Data Table Native Encoding

Any Data Table may be encoded into and decoded from:

  • A Unicode string
  • A byte array

Encoding to/from strings is often used for manipulating Data Tables programmatically, e.g. via Java SDK or .NET API. String representation of table formats is also often used for compact human-readable format representation.

Encoding to/from byte arrays is used to transfer Data Tables over the network using the AggreGate Communication Protocol or storing them in the AggreGate Server database.

Byte Array Encoding

Encoding of a Data Table into a byte array involves two stages:

  • First, the Data Table is encoded into a Unicode string
  • Second, the resulting string is encoded into an array of bytes using UTF-8 encoding. See UTF-8 documentation (e.g. UTF-8 Wikipedia article ) to find out the details.

String Encoding Concept

Generally, Data Table and its different parts are encoded into string as a number of elements of the following format:

<[element_name=]element_value>

Both the name and value may include any character except for those used by AggreGate Communication Protocol or used to encode the element itself. An element's value may be an encoded list of nested elements.

Table Encoding

Here is the format for an encoded data table:

<F=record_format>[<I=>][<R=record>][<R=record>]…

Element Name

Element Value

F

Table format descriptor, defining names and types of all columns in the data table and other table properties. Its encoding is described here.

This element may be missing if the ID element (D) presents and format with this ID is already known in current connection.

D

ID of the table format. See format caching for more details.

I

Invalidator element. If this element exists in the data table, the whole table is considered as invalid. When AggreGate Server requests a variable value from an Agent, the Agent first acknowledges this request, and then begins polling the records from the hardware device. In the meanwhile, AggreGate Server "knows" that it is receiving a complete and correct table.

If at this point there is a sudden failure between the Agent and the hardware device, and for some reason the Agent does not receive the data it should get from the hardware device, the Agent now inserts an Invalidator element into the data table sent to the server. This element is actually the Agent telling AggreGate Server "I cannot fully obtain this data". Having received this element, AggreGate Server now knows the operation could not actually be completed.

R

Record of the data table. Records are encoded one by one. Format of encoded records is described below.

T

Timestamp of the data table. It normally indicates when the data table itself or the data sample it represents was created/acquired. Timestamp is encoded into a string as a number of milliseconds since epoch (1 Jan 1970).

Q

Quality of the data table. It explains how reliable is the data sample represented by the data table. Quality is a 32-bit signed integer value encoded into a string.


Example: <F=<<IP><S><F=C>><M=1><X=1>><R=<192.168.1.88>>

This example shows an encoded data table those format defined one string field called "IP", and that contains one record with value "192.168.1.88". See details of record and format encoding below.

Table Format Encoding

record_format is included in every data table, even if it is empty. It's built like this:

<field_format><field_format>…[<F=flags>][<V=table_validators>][<R=record_validators>][M=min_records][X=max_records][<B=bindings>][<N=naming_expression>]

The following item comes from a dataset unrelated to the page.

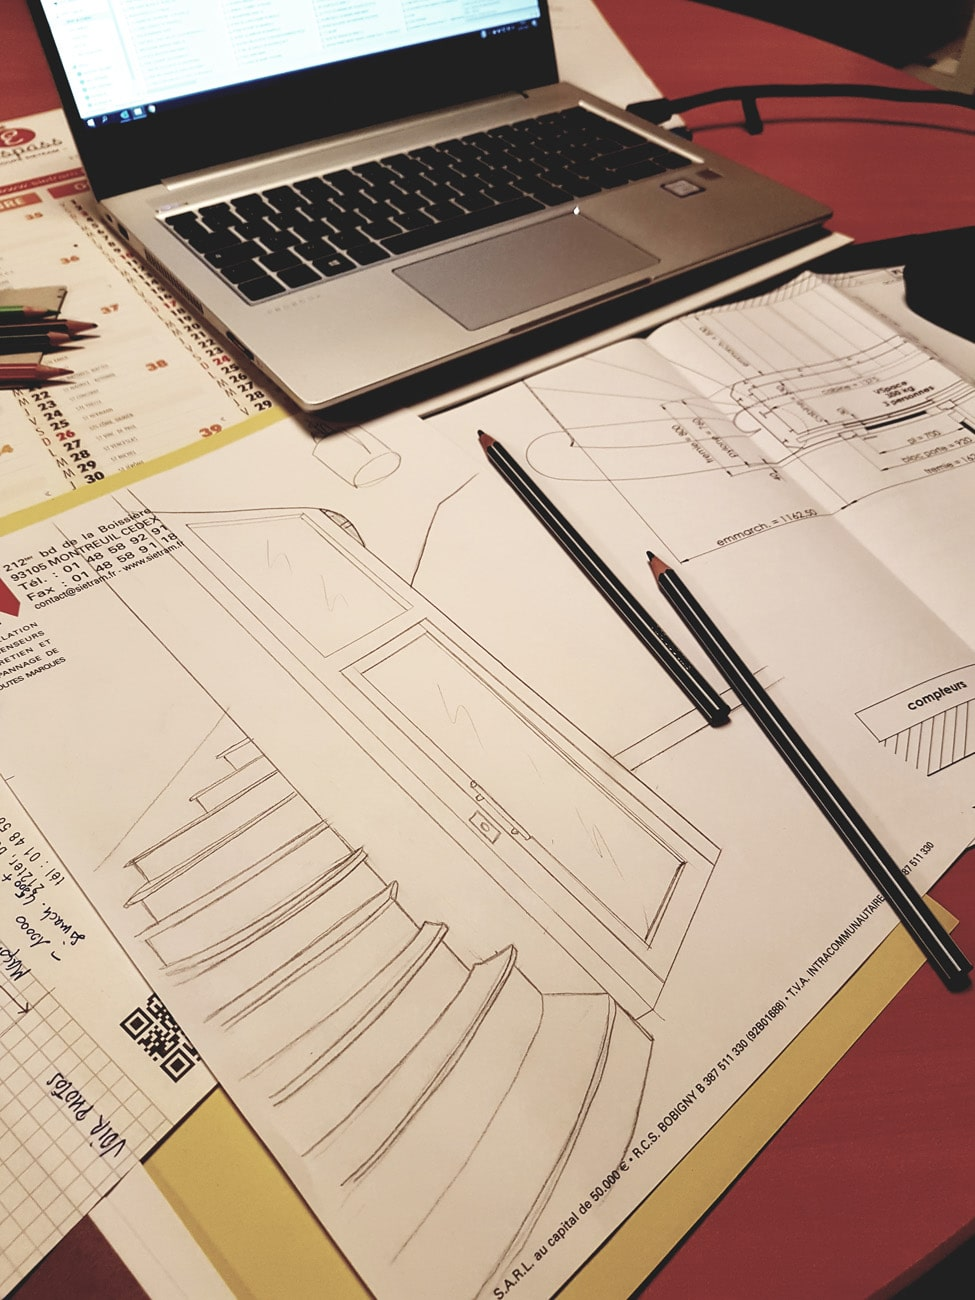 Bureau d'étude conception

Elements with no identifiers (as shown in the beginning of the example above, <field_format>) are considered to be encoded formats descriptors of table fields. Field format descriptors are encoded one by one, starting from the first field.

Element Name

Element Value

F

Combination of zero or more of the following flags:

“R” (“Reorderable”) - indicates rows of this table may be reordered by AggreGate users editing it.

“U” (“Unresizable”) - indicates that users cannot add/remove rows when editing the table.

V

Table validators that help perform complex validation of a whole table.

R

Record validators that are used to validate every record.

B

Table bindings.

M

Minimal allowed number of records in the table.

X

Maximal allowed number of records in the table.

N

Table naming expression.


Example: <<date><D>><M=1><X=1>

This example format described a one-cell table (one field, minimum and maximum record count is also one). The only field's name is "date", and it's type is Date. See details of field format encoding below.


Example: <<id><S><D=Card ID><V=<L=10 10>>><<name><S><D=Cardholder Name>><M=0><X=255>

This format describes a two-fields table that may contain from 0 to 255 records. First string field is called "id" and it's description is "Card ID". It has a limits validator that restricts value length to exactly 10 characters. Second field is also of string type, it's called "name".

Field Format Encoding

field_format is a string describing one field in a Data Table. It's formatted like this:

<name><type>[<F=flags>][<A=default>][<D=description>][<H=help>][<S=selection_values>][<V=validators>][<E=editor>]

The first two elements have no names. The first element is the field name, and the second one contains the field type code (see table below).

Element Name

Element Value

F

Combination of zero or more of the following flags:

N” (“Nullable”) - indicates that column can contain NULL values

O”  (“Optional”) - indicates that column in optional

E” (“Extendable selection values”) – indicates that field may contain values that are not listed in selection_values

R” (“Read only”) – indicates that the field value is read only

C” (“Not replicated”) - indicates that value of this field is not replicated during Data Table Copy operations

H” (“Hidden”) – indicates that column should not be visible during Data Table edit operations

K” (“Key field”) - indicates that column is a key field. Key fields are used in data table smart copy operation. Another use is a key fields validator that ensures that table doesn't contain records with equal combinations of all key fields.

A

Default value of field encoded into a string as covered in value encoding section.

D

Field description.

H

Field help (detailed description).

S

List of selection values for the field. See encoding rules here.

V

List of field validators. See encoding rules here.

E

Code of editor/renderer. This element enables custom visual representation of field value. Supported editors and renderers are listed here.

O

Editor-specific options. Options supported by every editor/renderer type are listed here. If editor options are not specified, this element should be omitted from table format definition.

I

String ID of field icon.

G

Field group.


Example: <value><I>

This is the simplest possible field format descriptor that defines the integer field called "value".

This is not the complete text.